Exports are revenues earned from customers outside Canada. In the Canadian space sector, exports include sales to foreign governments, companies, organizations, and consumers that purchase Canadian space products or services.

Gross Domestic Product

Gross domestic product measures value added in the economy. In the report, space-sector GDP contribution includes direct activity by space organizations, indirect supplier activity, and induced economic activity tied to employee spending.

Highly Qualified Personnel

Highly qualified personnel are employees with at least a bachelor’s degree. The report uses this measure to show the education intensity of the Canadian space workforce.

Induced Impact

Induced impact refers to economic activity supported by consumer spending from workers whose jobs are linked to the space sector. It is separate from direct space-sector work and indirect supplier activity.

Research And Development Intensity

Research and development intensity measures R&D spending relative to economic output. A high intensity level indicates that a sector invests heavily in creating, improving, or adapting technology.

Satellite Broadcasting

Satellite broadcasting refers to television and radio services delivered by satellite directly or indirectly to customers. Its decline has reduced total Canadian space revenues despite growth in other space activities.

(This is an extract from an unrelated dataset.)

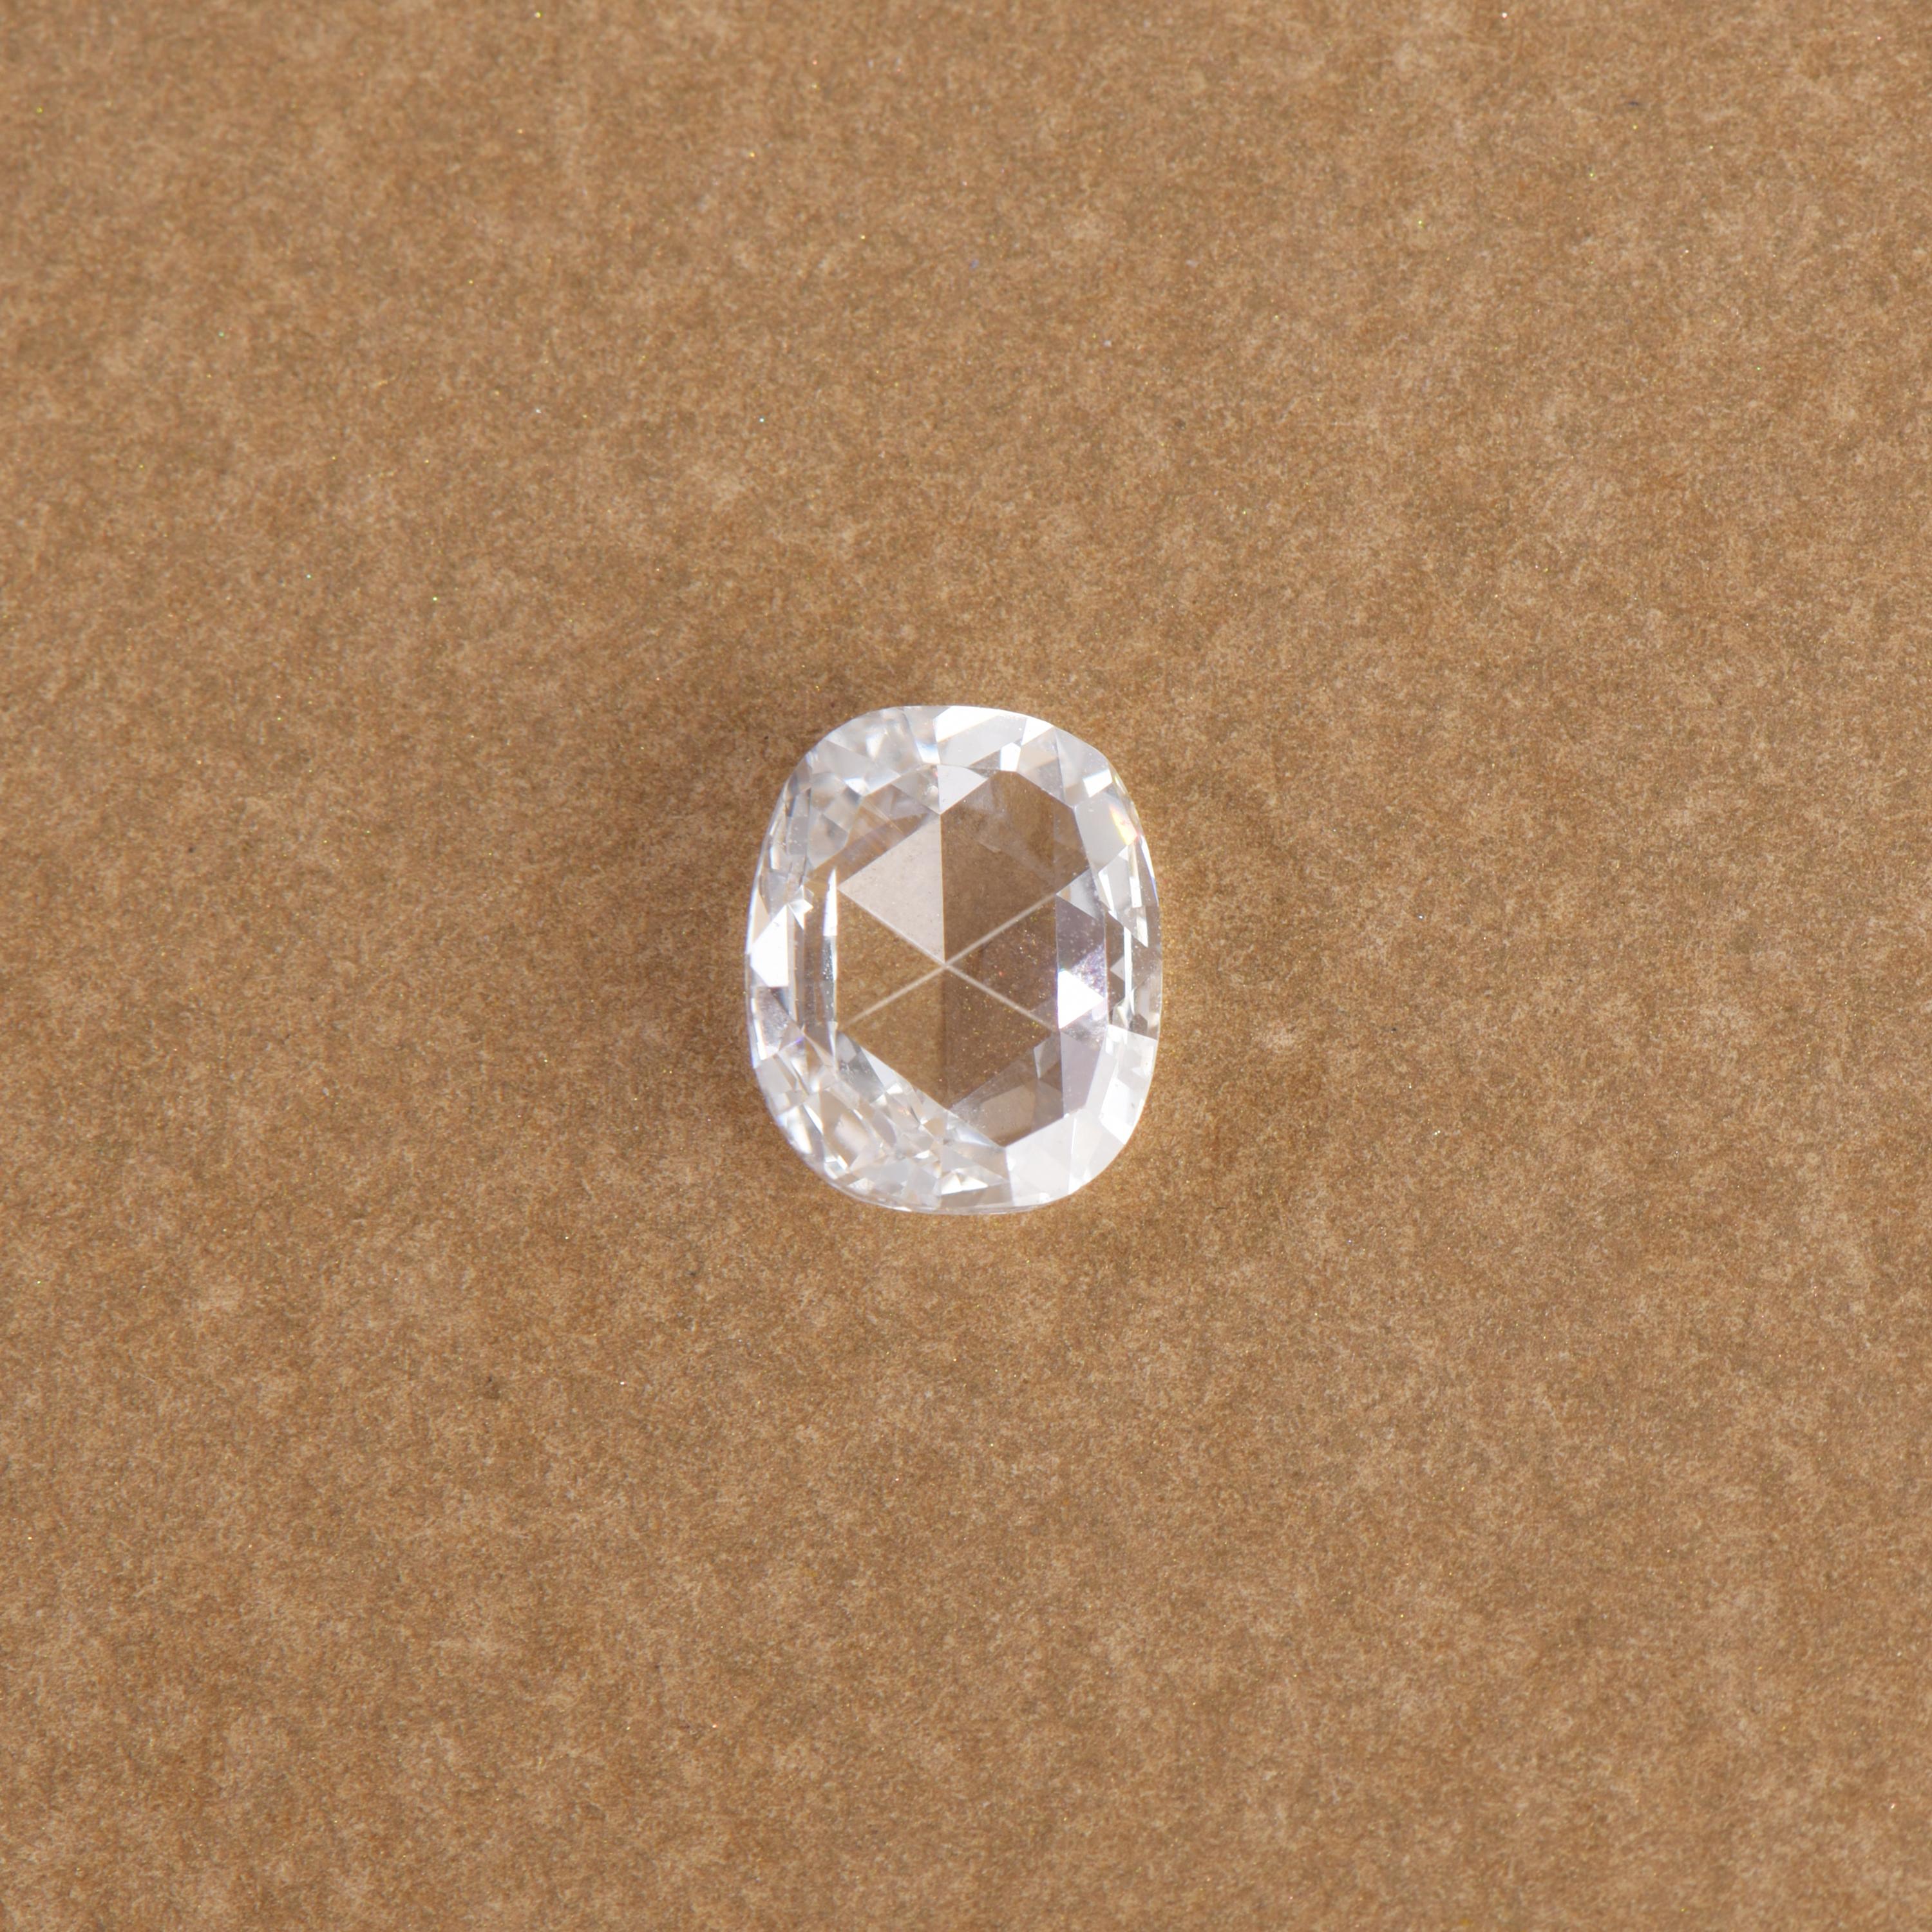 0.81 Karat loser Diamant, Farbe F, Reinheit VS, dieser schöne Diamant weist Transparenz und Symmetrie auf. Mit einer Größe von 6,9 x 5,7 mm kann dieser Diamant in einen Verlobungsring oder ein anderes Design Ihrer Wahl eingesetzt werden.

Wir

Space Systems Manufacturing

Space systems manufacturing includes the production of spacecraft, satellite components, payloads, robotics, and related space hardware. In 2024, this subsegment drove much of the upstream revenue increase.

Upstream Segment

The upstream segment includes research, engineering, consulting, space systems manufacturing, and ground systems manufacturing. It covers activities linked to designing, building, and supporting space infrastructure before end-user services are delivered.